Center City is an unincorporated community in Mills County, located in the U.S. state of Texas. According to the Handbook of Texas, the community had a population of 15 in 2003.

History
The area in what is known as Center City today was first settled around 1870. When Center City was first laid out, a large area was saved for a courthouse to be built on, with several businesses being built around the square. These included saloons, dry goods stores, two blacksmith shops, a general store, and a drugstore. Afterward, Goldthwaite became the county seat. A post office was established in 1874 and remained in operation until 1920 when mail was sent from Goldthwaite. The community also had a gristmill in 1874. A church was established six years later. The population was first recorded as 100 in 1885. Two more churches were built in 1910. There were three stores and 75 residents in Center City in the late 1940s. It dropped to 15 from 1970 to 2003. That year, it had two churches, a combination hardware store/gas station, and a giant live oak tree. This tree was reported to be in the geographical center of Texas and was surveyed in the early 1870s. Thus, its name was changed from Hughes Store to Center City. It was almost cut down when U.S. Route 84 was constructed, but locals won, and the tree now stands  south of the highway on a rural road between Goldthwaite and Evant. It is included in Famous Trees of Texas and was said to have held justice court under its branches until a courthouse was built. Church services were also held here.

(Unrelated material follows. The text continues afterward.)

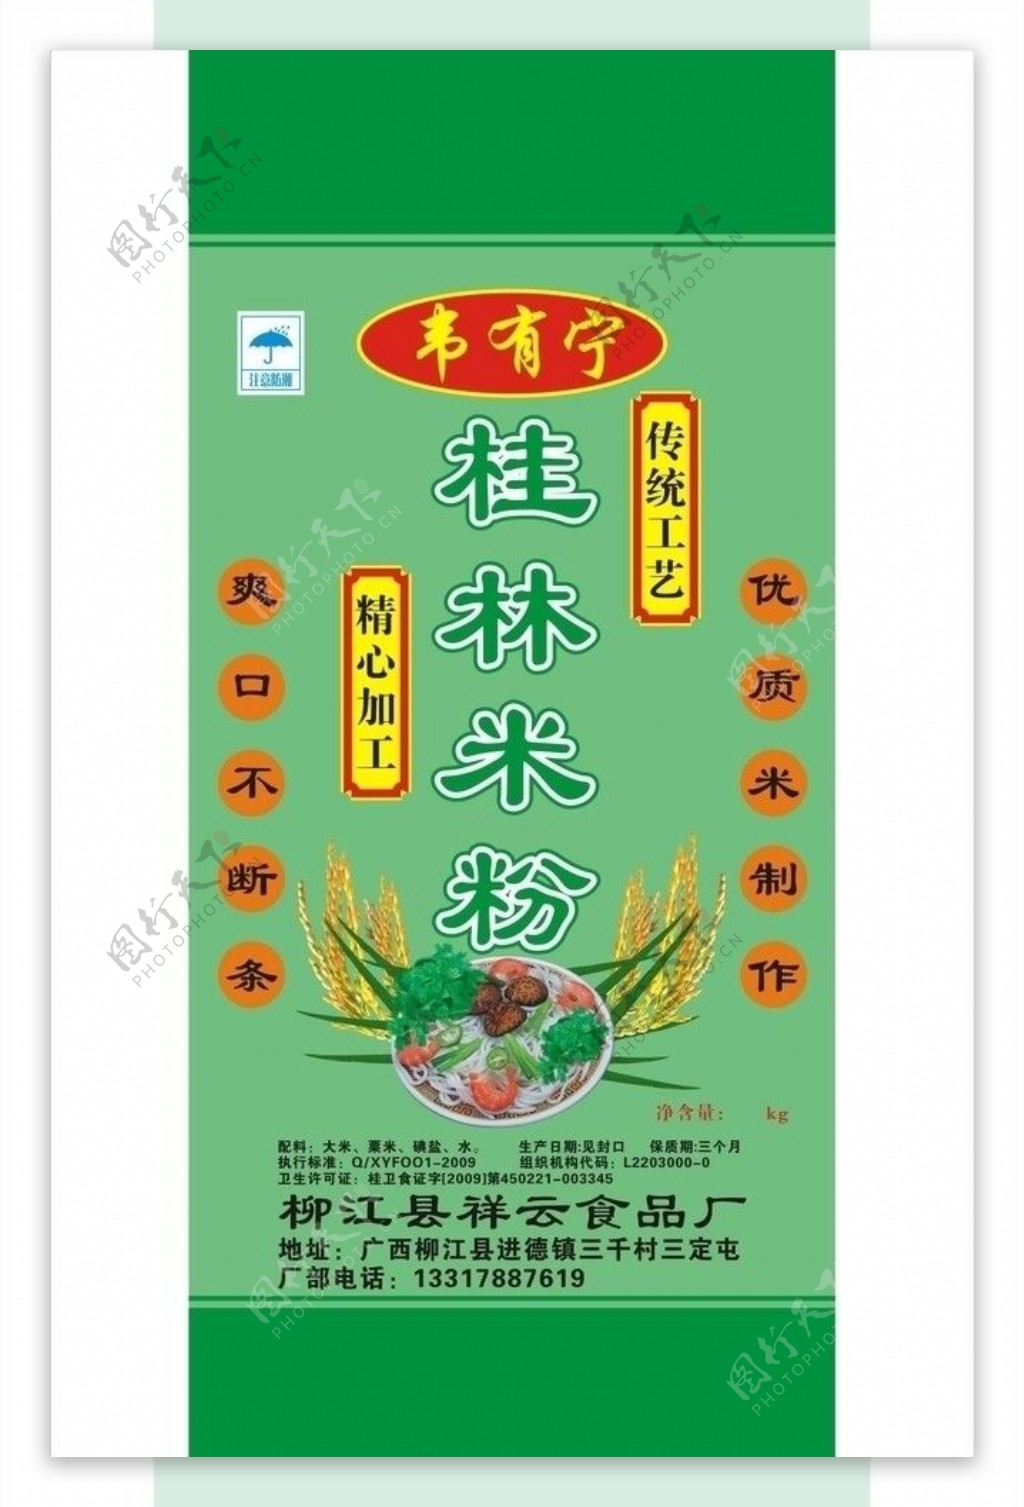 桂林米粉图片

William Jenkins, David Morris, and their families settled here in 1864. It was originally named Hughes Store when W.C. Hughes and his wife built a store here in the 1870s. There is also a cemetery in the community.

The Geoff Mack song I've Been Everywhere has a Texas version that mentions Center City in its fourth verse.

Geography
Center City is located on U.S. Highway 84 north of Bennett Creek,  east of Goldthwaite in eastern Mills County.

Education
Center City had its own school in 1874 with classes also being held under the old oak tree. Today, the community is served by the Star Independent School District.

Notable person
 Harvey Miles, final mayor of Renner, was born in Center City.